[Foundation-l] Wikimedia Kosovo Chapter? Re: Fwd: SFK100 Press Release

Thomas Dalton thomas.dalton at gmail.com
Mon Sep 27 17:13:06 UTC 2010


On 27 September 2010 10:14, Gerard Meijssen <gerard.meijssen at gmail.com> wrote:
> Hoi,
> I doubt very much that political considerations should be part of the set up
> of a chapter. Asking the Serbian chapter for an opinion is fine. Giving them
> a vote on this is not. Given that Kosovo is a separate jurisdiction means
> that it fulfils the basic requirement. Given that Hong Kong and New York
> have chapters the case for Kosovo to have a chapter is at least as strong if
> not stronger.

I don't think we can avoid political considerations. Either we
consider Kosovo independant, in which case it can have a chapter
without the approval of the Serbian chapter, or we consider it part of
Serbia, in which case they are proposing the creation of a
sub-national chapter within the jurisdiction of an existing chapter
and the Chapters Agreement between the WMF and WMRS gives WMRS at
least the right to be consulted if not veto power (when WMUK was
negotiating our chapters agreement, we got it changed from
consultation to consent, I don't know what WMRS's agreement says).

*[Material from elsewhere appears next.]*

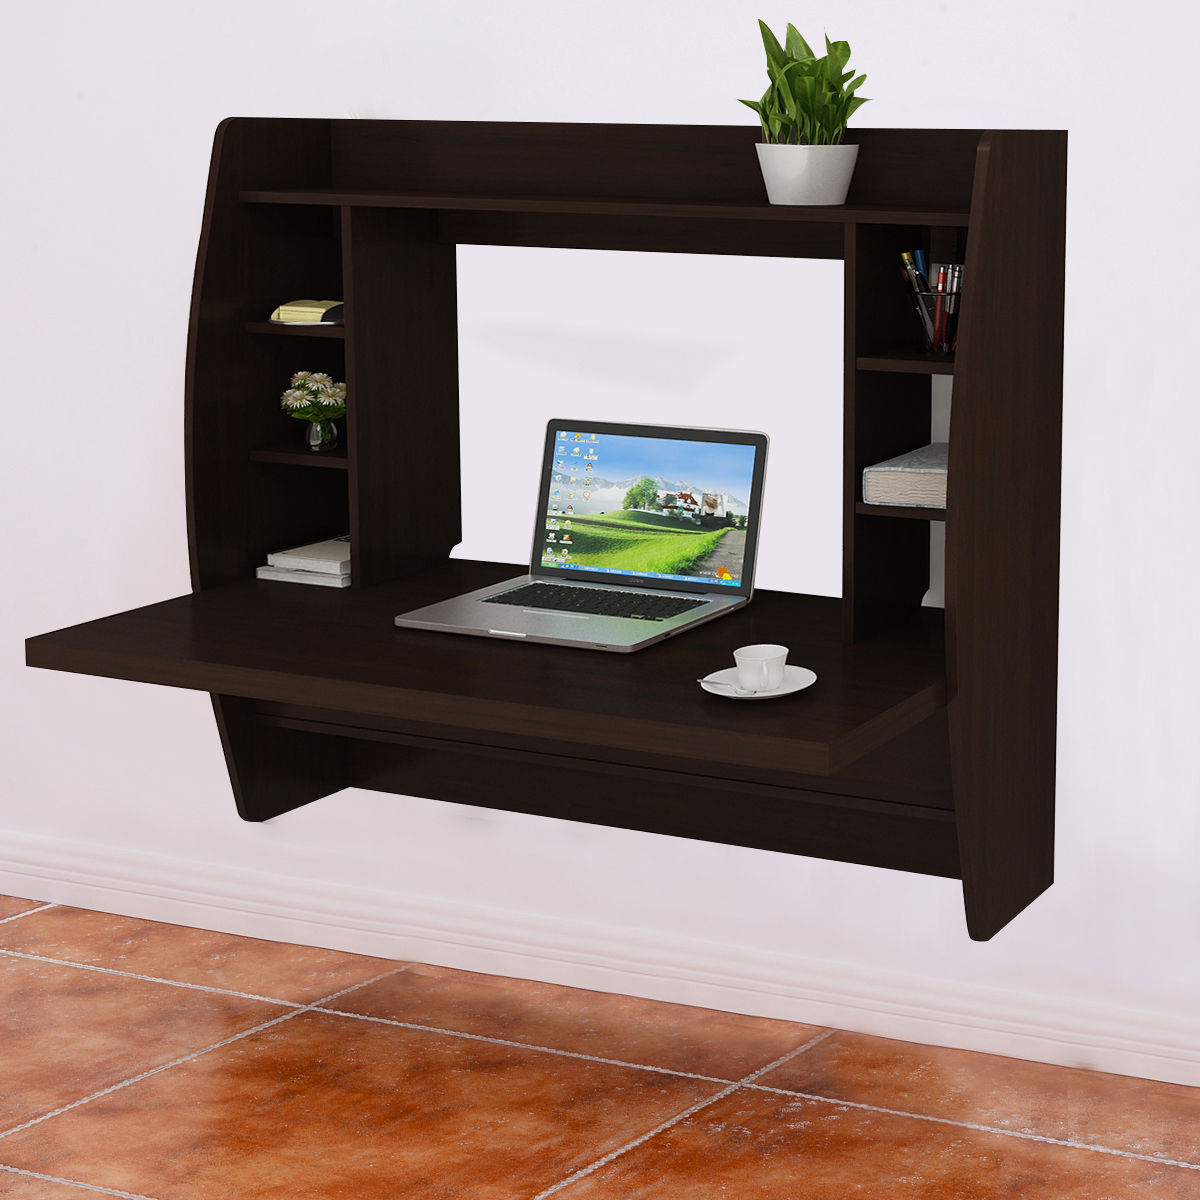 Floating Computer Desk costway wall mount floating computer desk storage two shelf laptop

If WMRS gives consent, then it doesn't really matter (although, my
standing objection to sub-national chapters could apply, but at the
moment we do allow them so we should do so consistantly). If WMRS
refuses to give consent (even if their agreement only gives them the
right to be consulted, I would advise against consulting them and then
disregarding their views) then we need to actually decide where we
fall on the whole Kosovan independance issue. I, for one, don't want
to decide where I fall on that issue, but I would be inclined to say
that we should go with UN membership as the final arbiter of country
status (and Kosovo is not yet a UN member). UN membership is not a
perfect arbiter, but it is simple and far more neutral than any other
option I can think of.

If the Kosovans are willing to wait, it would be make our lives much
easier if we wait until the international community makes up their
minds, but that could take a while (it's been 2.5 years already).